Der Verein führt den Namen "regio-consult- Initiatives Entwicklungsmanagement e.V."
Der Verein hat seinen Sitz in Parchim. Das Geschäftsjahr ist das Kalenderjahr.

§2
Der Zweck des Vereins

Zweck des Vereins ist die Unterstützung einer ganzheitlichen regionalen Entwicklung von Wirtschaft, Arbeitsmarkt und sozialem Lebensraum der dazu erforderlichen Infrastrukturen und der Bildung. Er versteht sich als Mittler zwischen wissenschafticher Forschung und regionaler Entwicklungspraxis und verwirklicht seinen Satzungszweck insbesondere durch folgende Maßnahmen:

  1. Förderung von Wirtschaft und Arbeitsmarkt durch
    • Projekt- und Kooperationsentwicklung
    • Stärkung, Erhaltung und Gründungsbegleitung regionaler Unternehmen
    • Aufbau und Erweiterung der Wertschöpfungsketten
    • die konzeptionelle Entwicklung von Wertschöpfungsketten auf der Grundlage regionaler Produktions- und Dienstleistungsabläufe sowie die Vorbereitung für deren Realisierung
    • Integration und Koordinierung gemeinsamer Projekte des ersten und zweiten Arbeitsmarktes
    • Arbeitsvermittlung/ PSA
    • Organisation und Durchführung von Weiterbildungen
    • Reintegration von:
      • Langzeitarbeitslosen
      • Jugendlichen
      • Personen mit Handicaps und/oder
      • Strafgefangene und Probanden der Bewährungshilfe in die Arbeitswelt
    • Projekte zur nachhaltigen Entwicklung von Direktvermarktungsstrukturen
    • Zugang zu neuen/ überregionalen Märkten
    • Investoren- und Niederlassungsakquiese
    • Stärkung der regionalen Identität und Verbesserung des Image der Landwirtschaft
    • Modellvorhaben
    • Information und Öffentlichkeitsarbeit
  2. Förderung von Forschungs- und Projektaktivitäten zur Mobilisierung von Wirtschaftskreisläufen in der Region und darüber hinaus.

Seine Ziele verwirklicht der Verein über Arbeits- und Forschungsgruppen und andere geeignete Organisationsformen.
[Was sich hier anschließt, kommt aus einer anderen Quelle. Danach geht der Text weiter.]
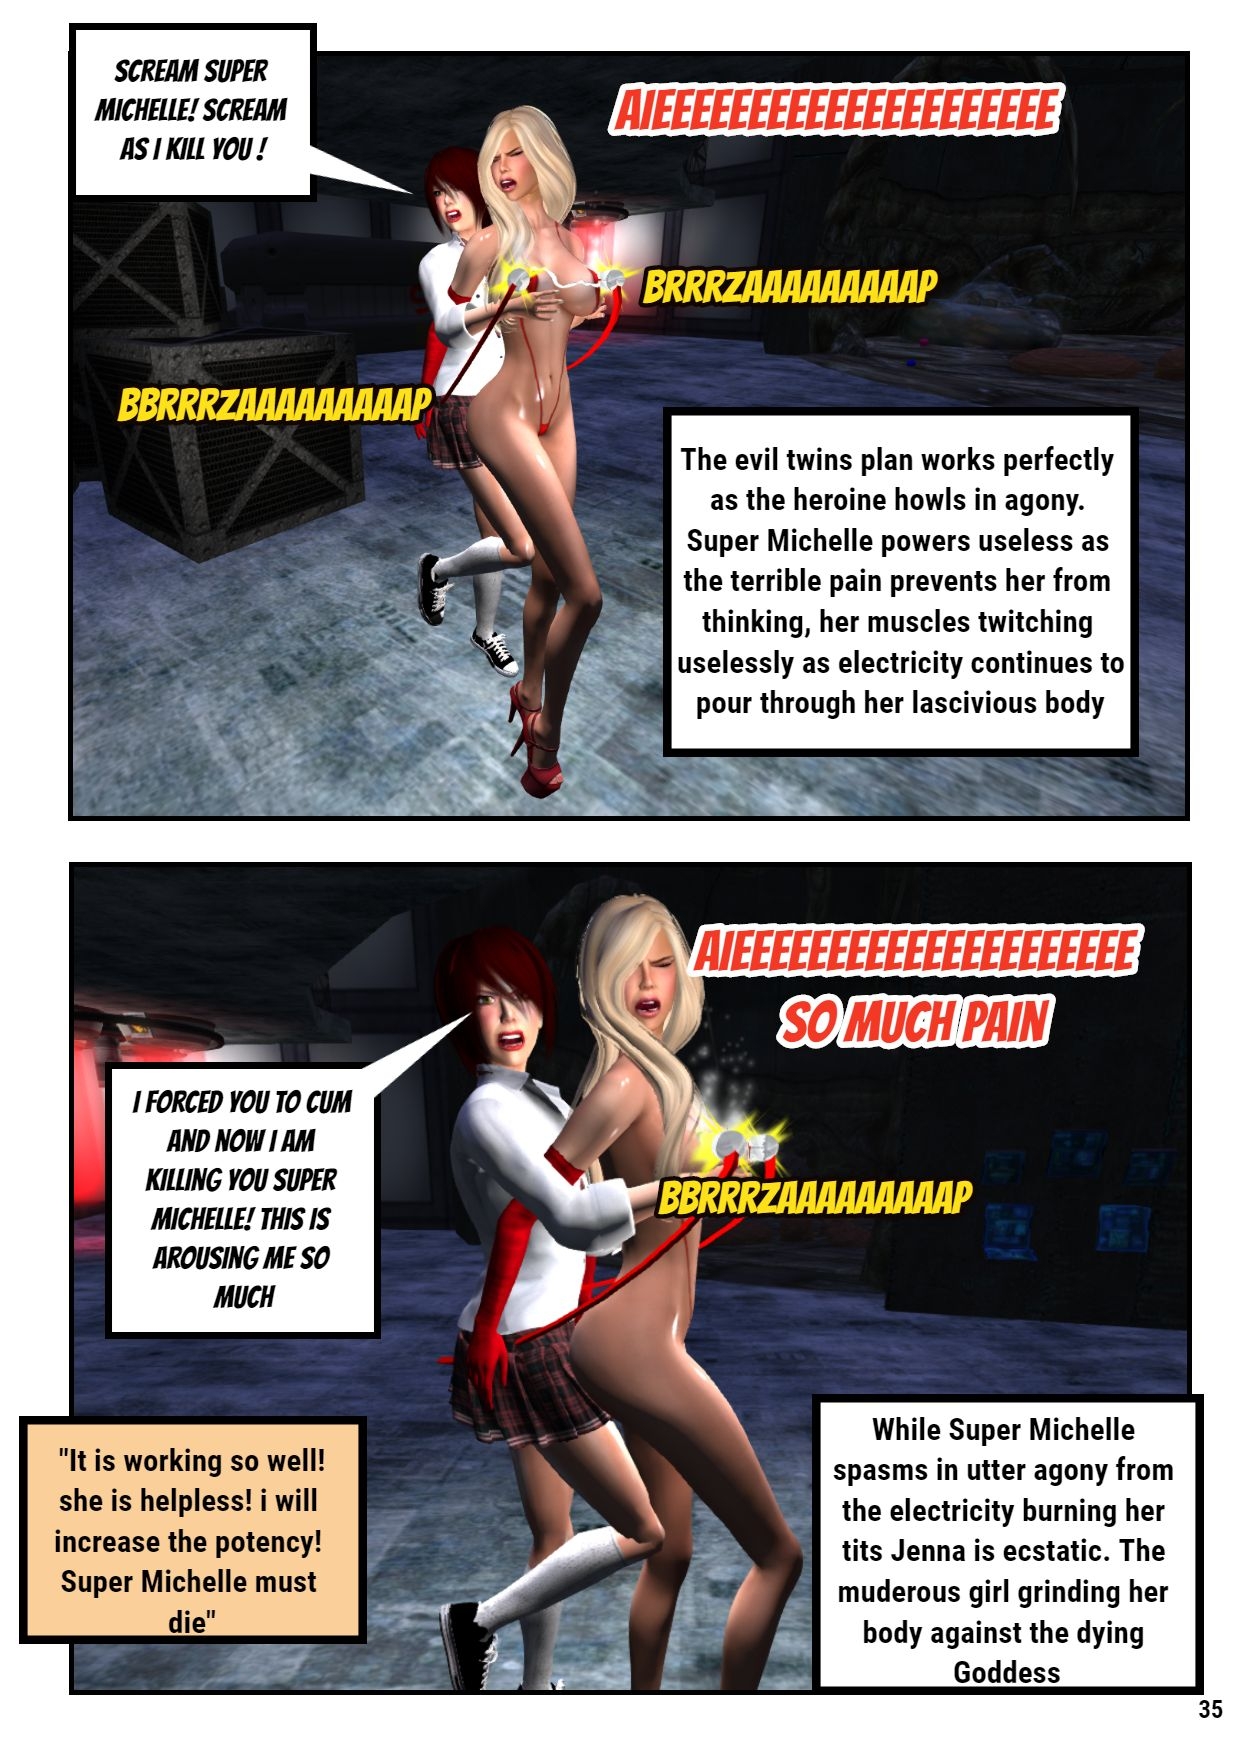 Super Michelle vs the Evil Twins - Superheroine in peril - Heroine comics 38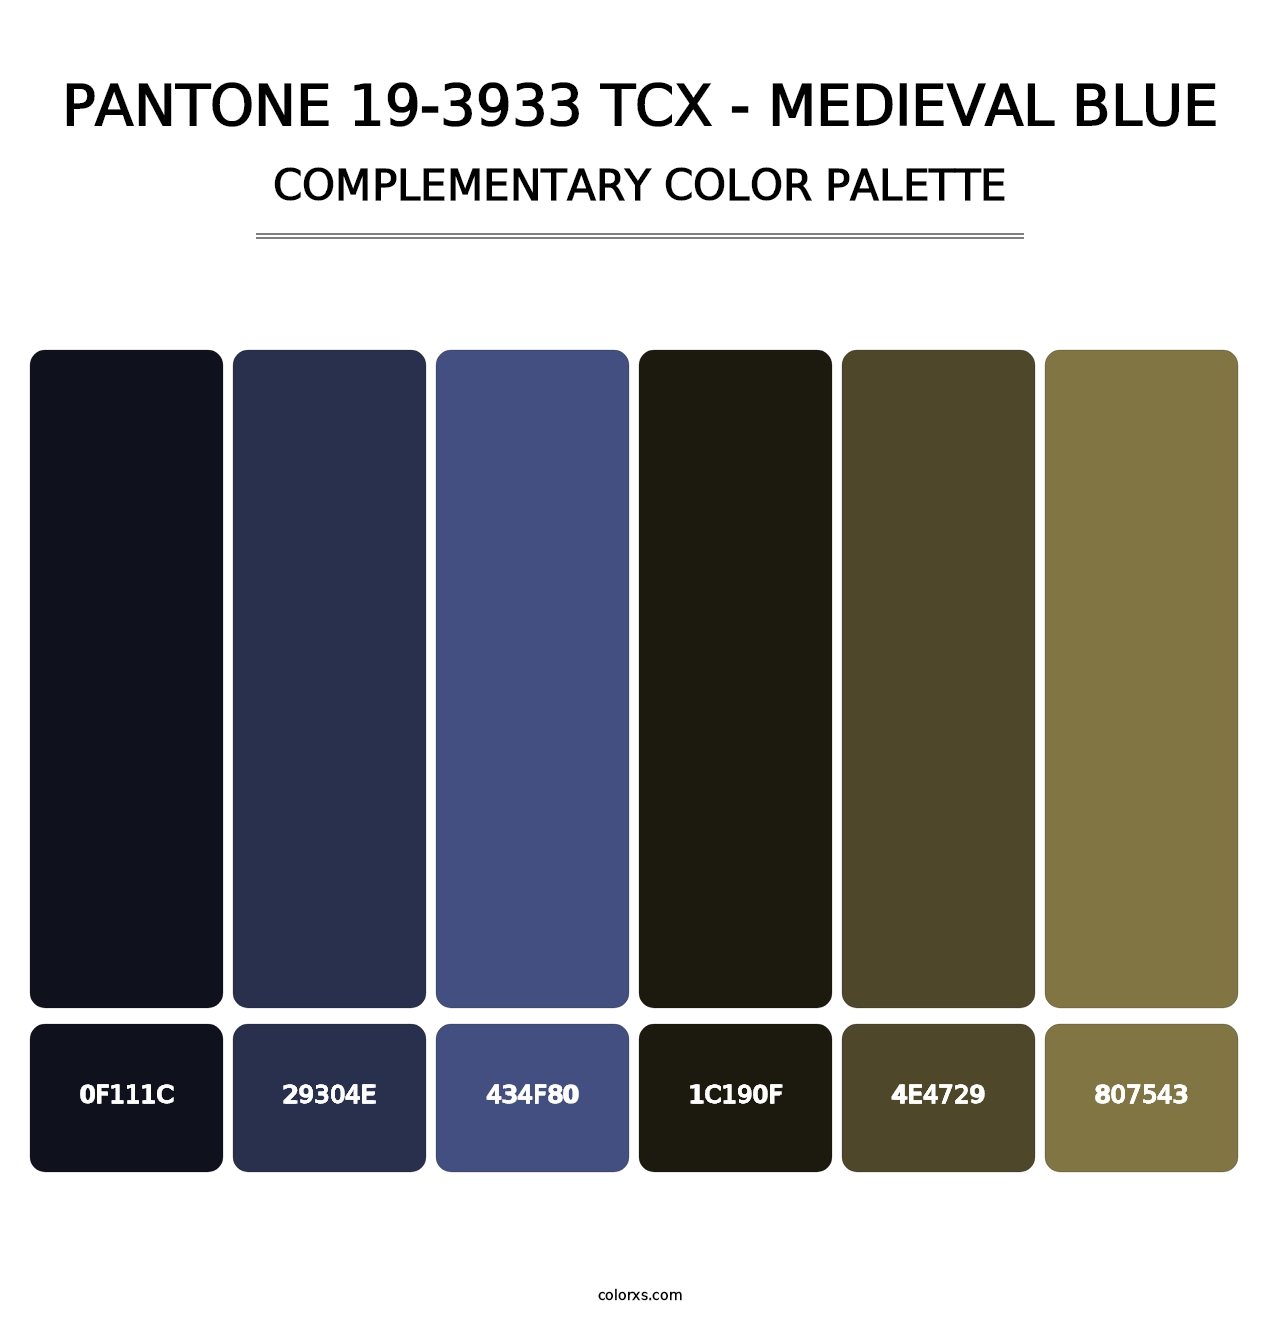 PANTONE 19-3933 TCX - Medieval Blue - Complementary Color Palette

Der Verein ist selbstlos tätig; er verfolgt nicht in erster Linie eigenwirtschaftliche Zwecke.

Die Mittel des Vereins dürfen nur für die satzungsmäßigen Zwecke verwendet werden.

Die Mitglieder erhalten keine Zuwendungen aus Mitteln des Vereins.

Bei Auflösung des Vereins oder bei Wegfall seines bisherigen Zweckes fällt das Vermögen des Vereins an den „Förderverein für Regionalentwicklung“ zur Förderung regionaler Projekte.

§ 3
Erwerb der Mitgliedschaft

Mitglied des Vereins kann jede volljährige natürliche und jede juristische Person werden. Über den schriftlichen Antrag entscheidet der Vorstand. Der Antrag ist formlos einzureichen.

§ 4
Beendigung der Mitgliedschaft

Die Mitgliedschaft endet:

a) mit dem Tod des Mitglieds
b) durch freiwilligen Austritt
c) durch Ausschluss aus dem Verein.

Der freiwillige Austritt erfolgt durch schriftliche Erklärung gegenüber einem Mitglied des Vorstandes. Er ist unter Einhaltung einer Kündigungsfrist von drei Monaten zulässig.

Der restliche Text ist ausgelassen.